I'm not saying I can perfectly answer that question for everyone but I found one answer in a rather unexpected place when I got home tonight. My roommate, her fiance and I watched the most recent Harry Potter movie -- you know, the one with the Tri-Wizard competition and the fabulous, ultimate middle school hellishness of finding a date to the dance. Anyway, at the end of the movie, Dumbledore and Harry are talking and Dumbledore, in all his wisdom, says to Harry, "Difficult times lie ahead. And you'll have to choose between what is right ... and what it easy."
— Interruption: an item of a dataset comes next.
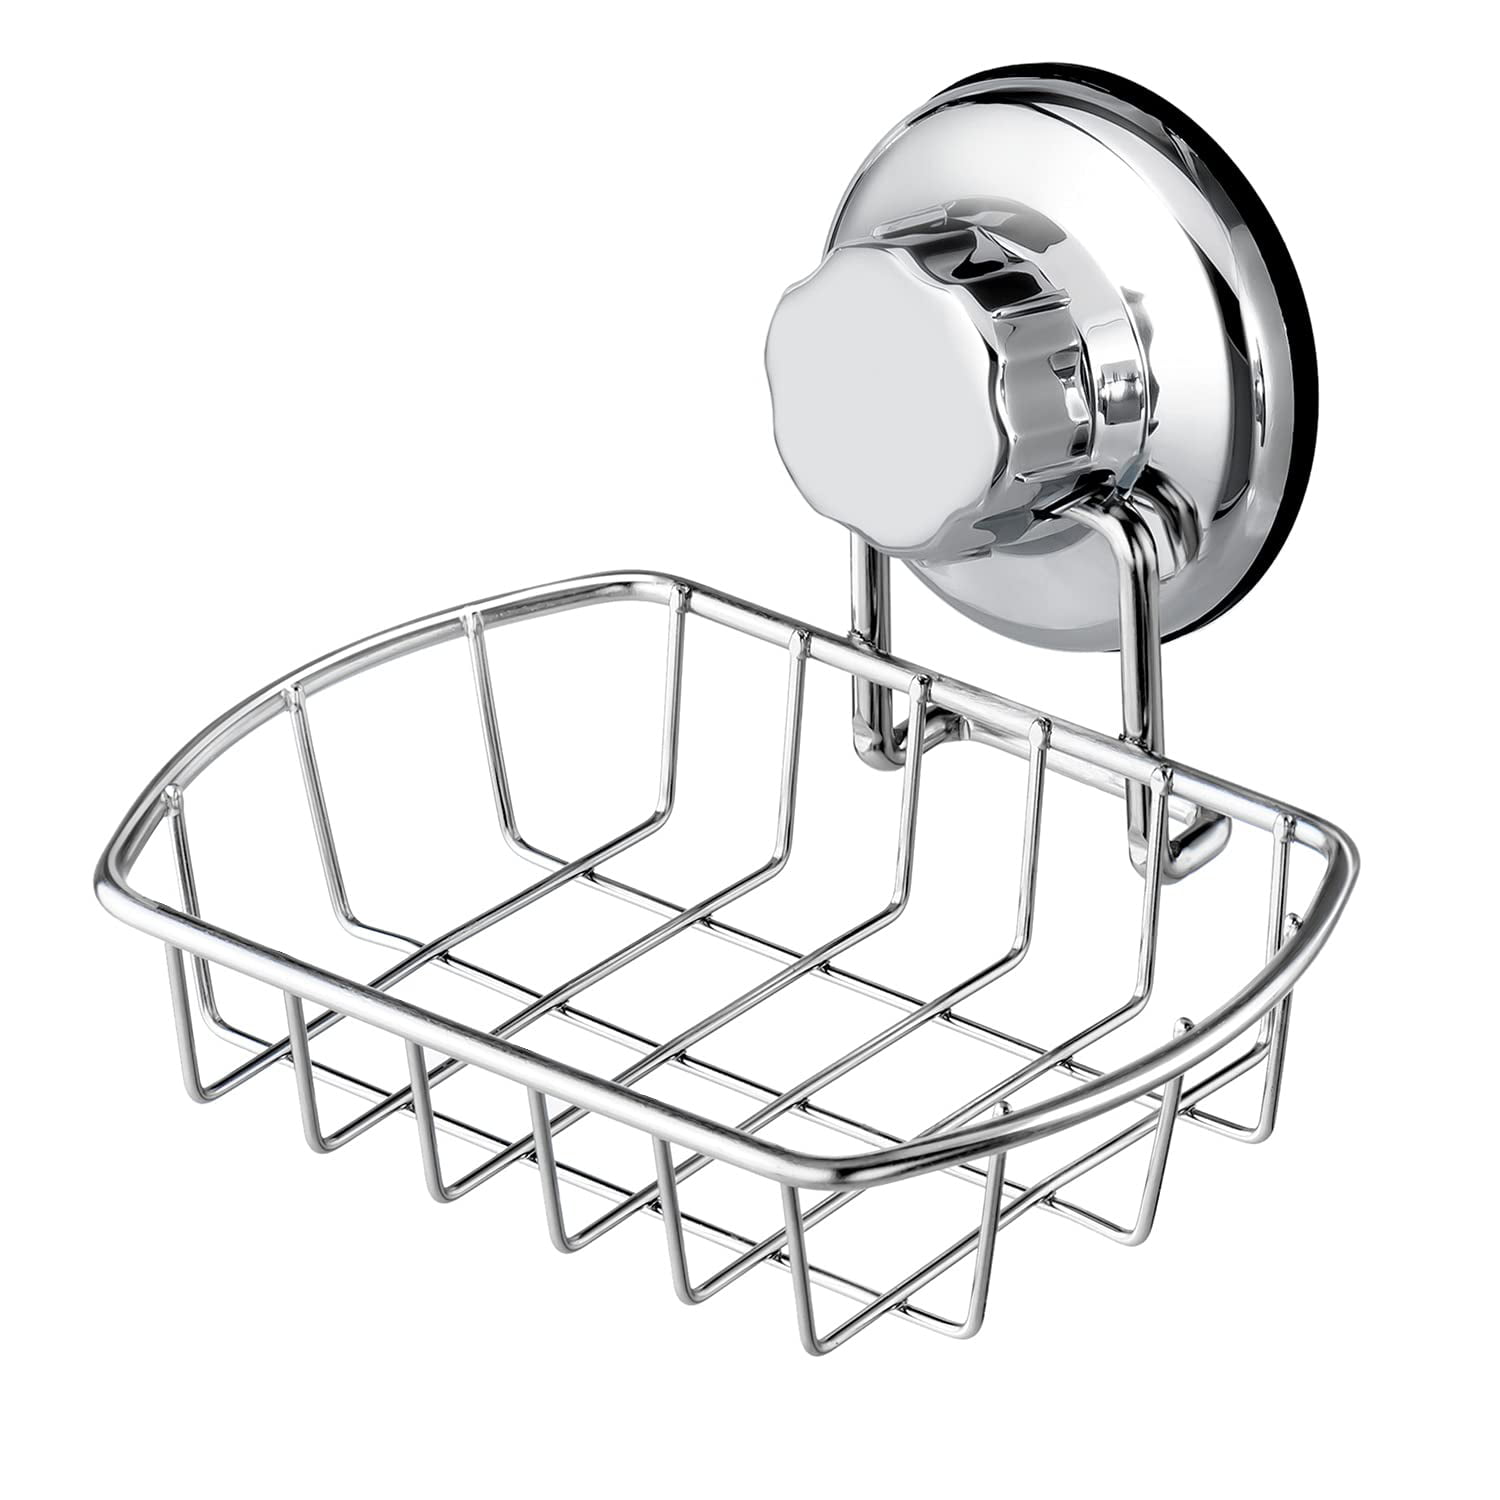 Rebrilliant Soap Dish for Shower with Suction Cup, Shower Soap Holder,  Stainless Steel Bar Soap Holder, Soap Holder for Shower Wall, Soap Dishes  for Bathroom, Soap Bar Holder Adhesive No Drilling

That's often what it comes down to, isn't it? The decision that we suspect we should make ... and the decision that is just more convenient, that doesn't require extra work, that doesn't force us to face that squirmy place of admitting failure or standing alone. What a paradox. How come the right decision frequently is the toughest? Shouldn't it be the other way around? Shouldn't integrity be easy? What a fallen world we must live in. Maybe one day, we'll find some sort of redemption for the craziness we've build around us.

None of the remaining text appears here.